Input »
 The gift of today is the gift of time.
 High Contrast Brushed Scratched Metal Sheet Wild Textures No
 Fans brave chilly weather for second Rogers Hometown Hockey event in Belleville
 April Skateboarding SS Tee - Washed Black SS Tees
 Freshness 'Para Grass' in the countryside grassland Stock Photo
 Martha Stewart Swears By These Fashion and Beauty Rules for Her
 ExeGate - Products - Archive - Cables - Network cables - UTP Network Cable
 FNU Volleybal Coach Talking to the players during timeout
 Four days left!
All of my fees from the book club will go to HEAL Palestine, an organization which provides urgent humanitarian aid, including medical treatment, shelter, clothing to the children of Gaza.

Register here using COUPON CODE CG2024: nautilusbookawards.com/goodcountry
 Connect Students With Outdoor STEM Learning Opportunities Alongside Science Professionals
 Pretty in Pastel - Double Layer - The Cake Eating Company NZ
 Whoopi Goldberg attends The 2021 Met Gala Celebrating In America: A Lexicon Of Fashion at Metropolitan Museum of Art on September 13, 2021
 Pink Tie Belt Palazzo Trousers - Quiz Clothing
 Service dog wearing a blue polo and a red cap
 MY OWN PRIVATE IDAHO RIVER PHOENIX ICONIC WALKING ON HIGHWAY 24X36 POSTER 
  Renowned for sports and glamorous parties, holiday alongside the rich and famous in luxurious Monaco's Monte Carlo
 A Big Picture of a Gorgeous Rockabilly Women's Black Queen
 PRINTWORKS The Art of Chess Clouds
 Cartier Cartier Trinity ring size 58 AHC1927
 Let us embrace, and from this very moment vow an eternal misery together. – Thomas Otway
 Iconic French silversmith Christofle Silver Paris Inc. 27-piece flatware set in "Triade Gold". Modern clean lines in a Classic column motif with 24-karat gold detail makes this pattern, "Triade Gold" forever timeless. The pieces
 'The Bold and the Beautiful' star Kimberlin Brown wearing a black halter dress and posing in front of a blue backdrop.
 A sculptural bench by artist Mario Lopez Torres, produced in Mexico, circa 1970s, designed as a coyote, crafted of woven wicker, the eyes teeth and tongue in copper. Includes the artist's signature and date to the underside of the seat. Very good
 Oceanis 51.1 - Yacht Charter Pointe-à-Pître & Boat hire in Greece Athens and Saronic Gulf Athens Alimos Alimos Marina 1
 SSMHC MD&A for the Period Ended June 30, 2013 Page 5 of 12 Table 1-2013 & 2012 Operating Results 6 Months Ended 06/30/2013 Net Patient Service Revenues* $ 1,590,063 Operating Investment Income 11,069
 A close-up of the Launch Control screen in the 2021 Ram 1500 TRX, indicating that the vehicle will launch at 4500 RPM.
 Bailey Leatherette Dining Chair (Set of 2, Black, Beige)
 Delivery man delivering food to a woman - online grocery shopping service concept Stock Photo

What you are asked to do »
Set down exactly the lines of the data above, beginning with the line that has "Fans brave chilly" and ending with the line that has "Let us embrace, and", and no others.

Finished exercise »
 Fans brave chilly weather for second Rogers Hometown Hockey event in Belleville
 April Skateboarding SS Tee - Washed Black SS Tees
 Freshness 'Para Grass' in the countryside grassland Stock Photo
 Martha Stewart Swears By These Fashion and Beauty Rules for Her
 ExeGate - Products - Archive - Cables - Network cables - UTP Network Cable
 FNU Volleybal Coach Talking to the players during timeout
 Four days left!
All of my fees from the book club will go to HEAL Palestine, an organization which provides urgent humanitarian aid, including medical treatment, shelter, clothing to the children of Gaza.

Register here using COUPON CODE CG2024: nautilusbookawards.com/goodcountry
 Connect Students With Outdoor STEM Learning Opportunities Alongside Science Professionals
 Pretty in Pastel - Double Layer - The Cake Eating Company NZ
 Whoopi Goldberg attends The 2021 Met Gala Celebrating In America: A Lexicon Of Fashion at Metropolitan Museum of Art on September 13, 2021
 Pink Tie Belt Palazzo Trousers - Quiz Clothing
 Service dog wearing a blue polo and a red cap
 MY OWN PRIVATE IDAHO RIVER PHOENIX ICONIC WALKING ON HIGHWAY 24X36 POSTER 
  Renowned for sports and glamorous parties, holiday alongside the rich and famous in luxurious Monaco's Monte Carlo
 A Big Picture of a Gorgeous Rockabilly Women's Black Queen
 PRINTWORKS The Art of Chess Clouds
 Cartier Cartier Trinity ring size 58 AHC1927
 Let us embrace, and from this very moment vow an eternal misery together. – Thomas Otway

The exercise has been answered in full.